Below is my experience and journey with my deafness, and how I found my Deafness. If you would like to skip that, I got you. The explanation will be in bold “deaf vs Deaf” near the bottom.
I was born deaf. I have mondini dysplasia which is a malformation in the inner ear. Basically, the cochlea never fully developed. We also don’t know why, which basically makes me cool as hell since I am a complete mystery. Who knew, that this little cochlea, would shape and define my entire life.

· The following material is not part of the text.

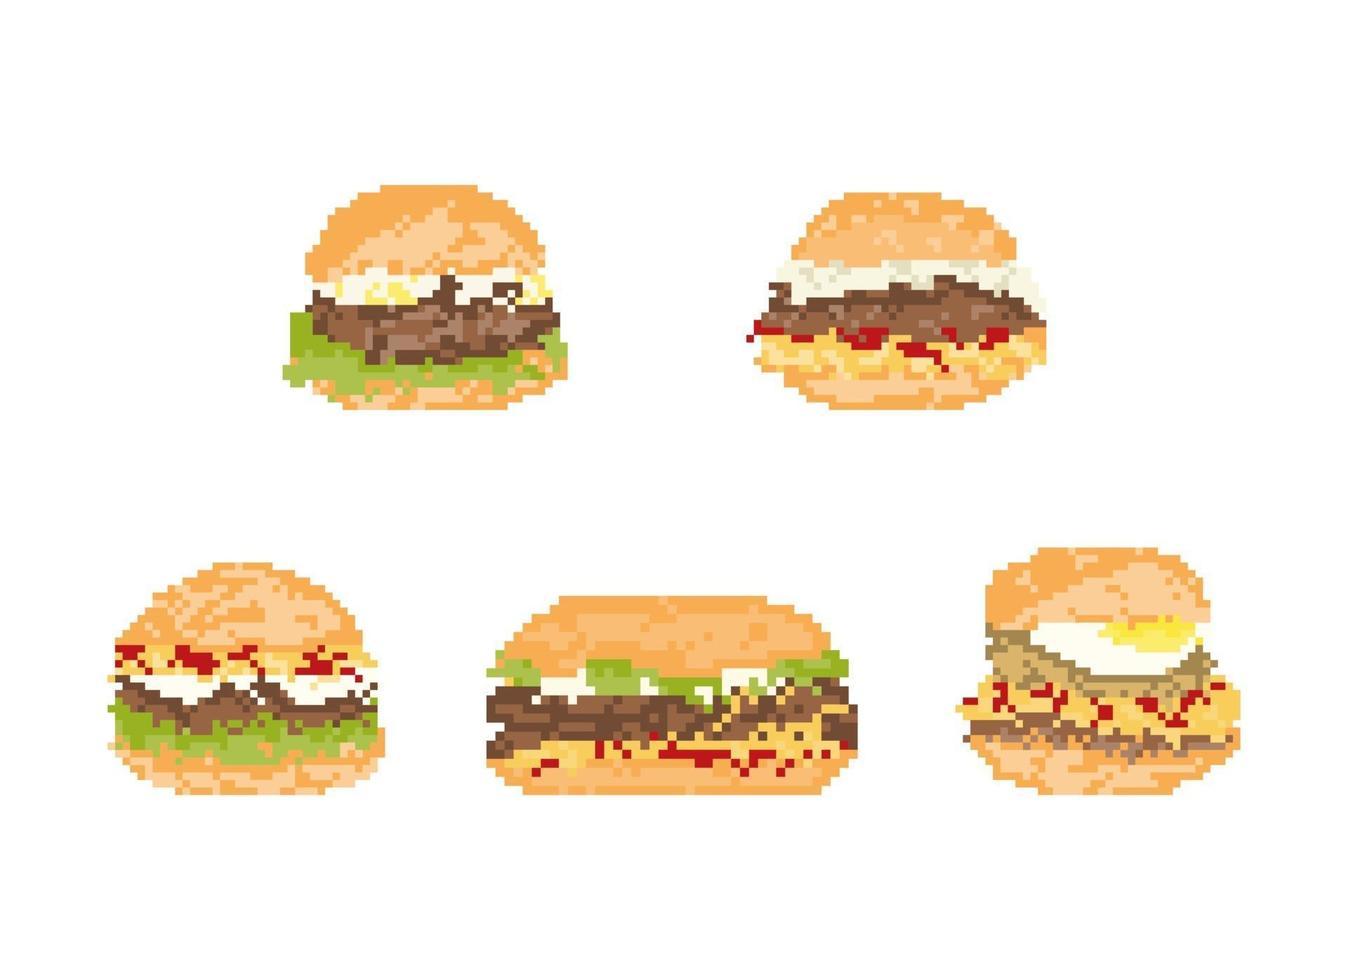 Satz Hamburger in der Pixelkunst. 8-Bit-Kunstvektorillustration. vektor

I was fortunate enough to have a family that, initially was shocked and scared when the doctor said “your daughter will never live a normal life,”… was ultimately very open and receptive to the deaf community. They learned sign language and allowed me to chose. Of course I signed, but as I got older and a little more self aware in elementary school… I wanted to speak. I had an… awful teacher for the deaf at my elementary school. (One time in kindergarten I believe, we were given an assignment of coloring inside the lines of this turtle. I, the creative genius I am, wanted to draw waves under the turtle. She took my drawing, yelled at me and called my parents for ‘not listening to directions. Yeah.) My stubbornness hated feeling limited by my deafness and inability to speak when all my peers could. This would lead to me drifting away from the deaf community entirely and never being around another deaf person until high school.

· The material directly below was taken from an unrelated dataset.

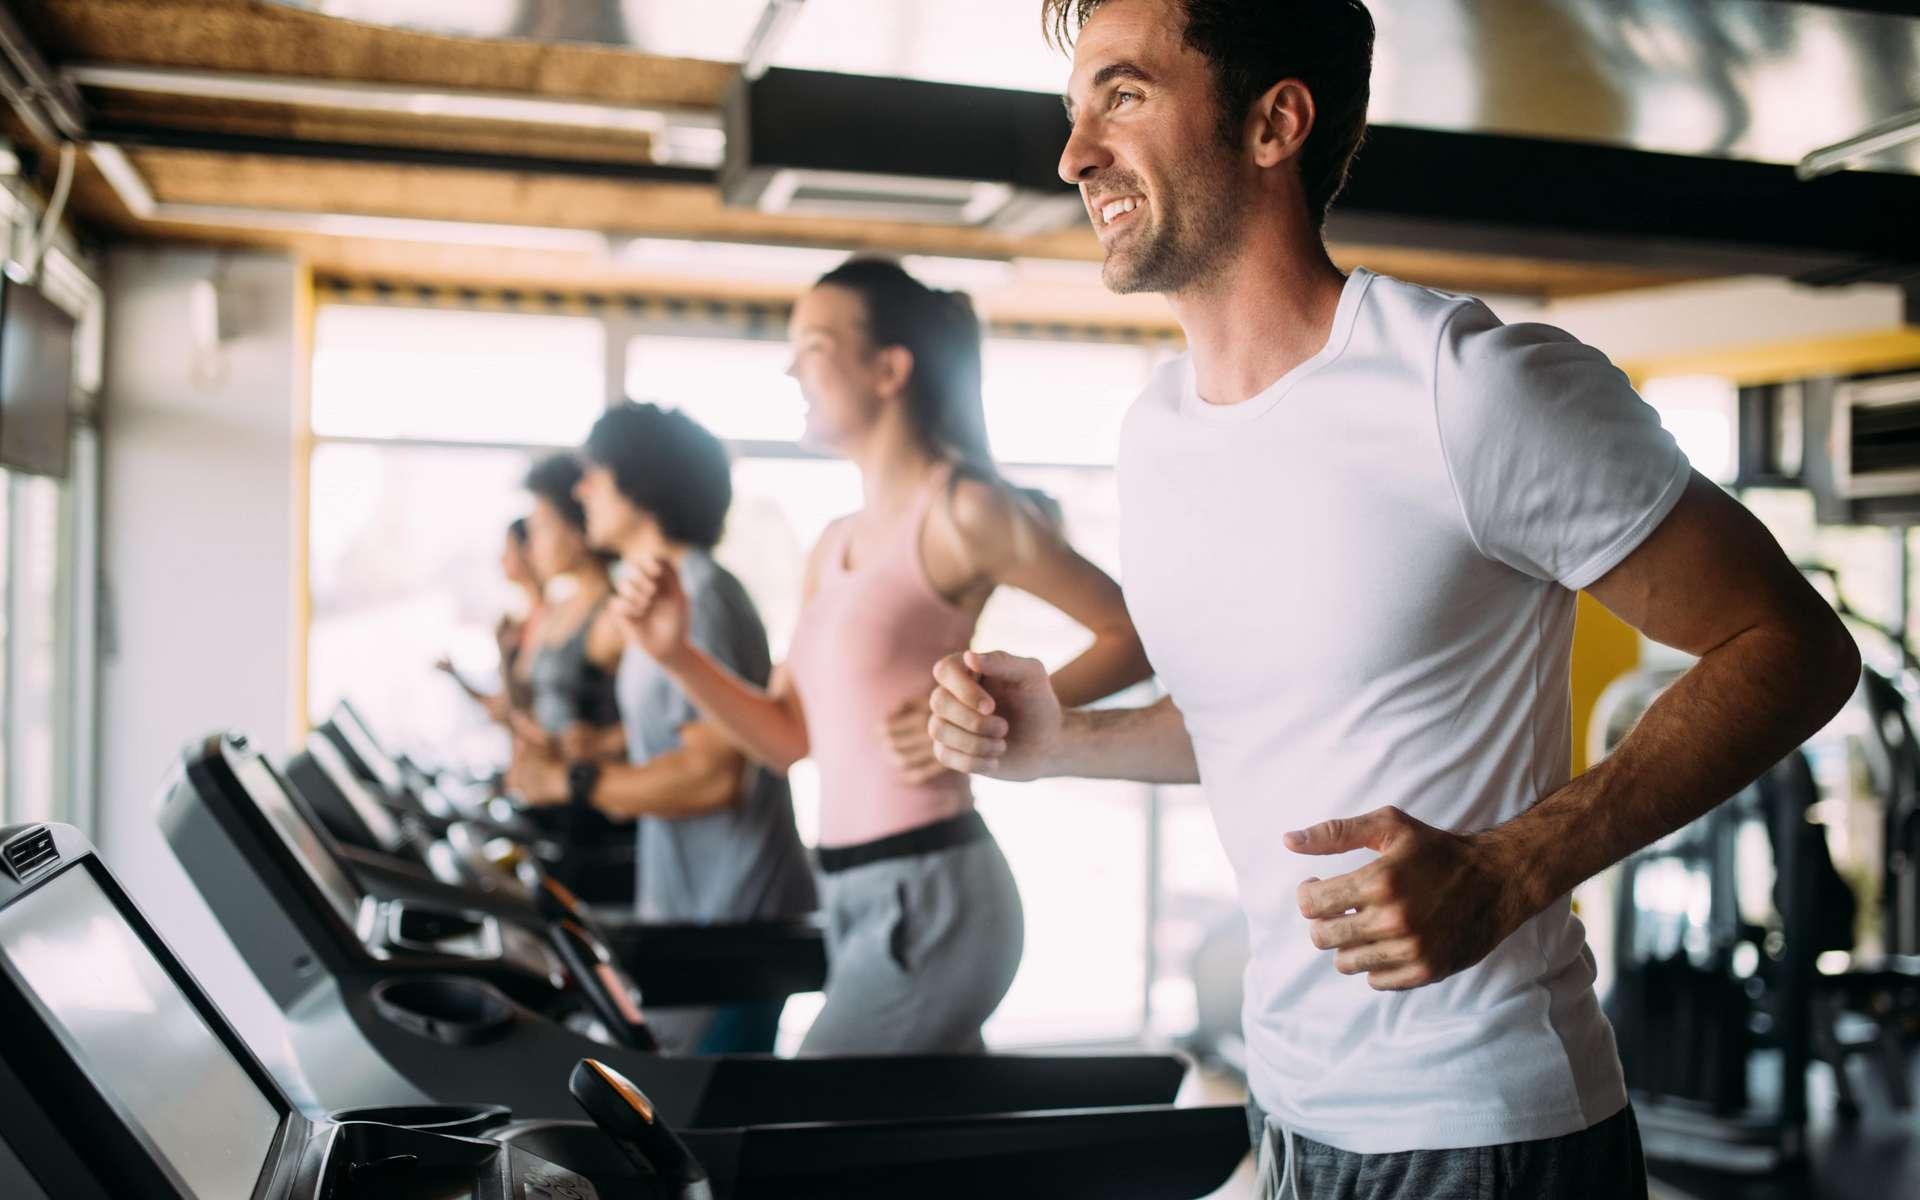 French Days : les meilleures offres sport et fitness sur Cdiscount © NDABCREATIVITY, Adobe Stock

Middle school was probably the most difficult period of my life. Everyone of course struggles with their awkward years of puberty, crushes, identity, and kissing… For me though, I was the only deaf person in my entire middle school. My ability to speak clearly made people ‘forget’ that I am deaf, and treated me as such. I was interested in sports and music. I learned cello, and honestly did very well at it, even getting section leader. But the common denominator for why I was so miserable and insecure was… my deafness.
I covered my hearing aids with my hair. I refused to use interpreters or microphones. I refused any help, anything that made me stand out as ‘the deaf girl’. I felt incredibly lonely, as everyone spoke so fast and I could not follow. I was seen as the quiet, shy, deaf girl. People had no idea how much I loved to speak and joke around too, but when you can’t follow the conversation, how can I join? I was deeply depressed and anxious because of my hearing loss, and my self identity was completely utterly skewed. I hated my deafness, I blamed it for everything.

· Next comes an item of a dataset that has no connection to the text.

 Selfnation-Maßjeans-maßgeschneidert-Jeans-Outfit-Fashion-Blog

Freshman year of high school came. On my first day, in my first class, I saw (who would eventually become my absolute best friend) two girls signing wearing hearing aids using an interpreter. I felt floored. I don’t remember if I came up to them at all, but I remember the thought consuming me: …I’m deaf too.
Except I still identified and saw myself as hard of hearing, not deaf. I always said I was hard of hearing, because saying deaf made me feel like I was limiting or hurting myself.
When I graduated high school, my favorite interpreter said I started so awkward and shy girl and devoid of any deaf identity… and ended a confident and proud Deaf woman. I became proud being the Deaf girl who was section leader of cellos, the Deaf girl in my classes, and sports. My deafness is a part of me, but it does not limit me like society likes to push that idea into my head.
Deafness is a tragedy to so many. Deafness is a handicap. Deaf people will never live a normal life. Deafness needs to be fixed. These were all things I was told by the world and believed. I am now Deaf CSUNian’s president, an active member of the deaf community, and a huge deaf activist and supporter. I am studying psychology so I can help deaf people.
If you are a deaf person reading this, I would love for you to reach out to me and share your story.
So, what is deaf and Deaf?
This website explains it clearly, but this is what I understand it to be.
Many people, I think, do not understand the difference between hard of hearing, deaf, and Deaf. It’s understandable, I know many people will groan and say “you’re just hearing impaired, stop trying to make it deeper than it is.” I would have said the same thing in my teenage years.
Hard of Hearing: This is probably the most difficult one to explain, out of these three. Typically it means not involved with the deaf community, but the person still can be. It is usually tied to whether or not a person can hear with hearing aids. It can mean:
- A person who needs hearing aids due to aging… i.e. your grandma or grandpa.
- A person who (like my story above) did not want to acknowledge that they are deaf, and is not involved with the deaf community.
- A Deaf person can still say they are hard of hearing, if they wear hearing aids.
deaf: The official term for someone who has a hearing loss to a degree where they cannot hear as a hearing person would.
*People who identify as deaf, typically are not involved with the deaf community.
Deaf: This is strictly an identity and cultural term. This is someone who is involved with the deaf community and accepts their deafness. They find pride in the communities culture, language, history, and people.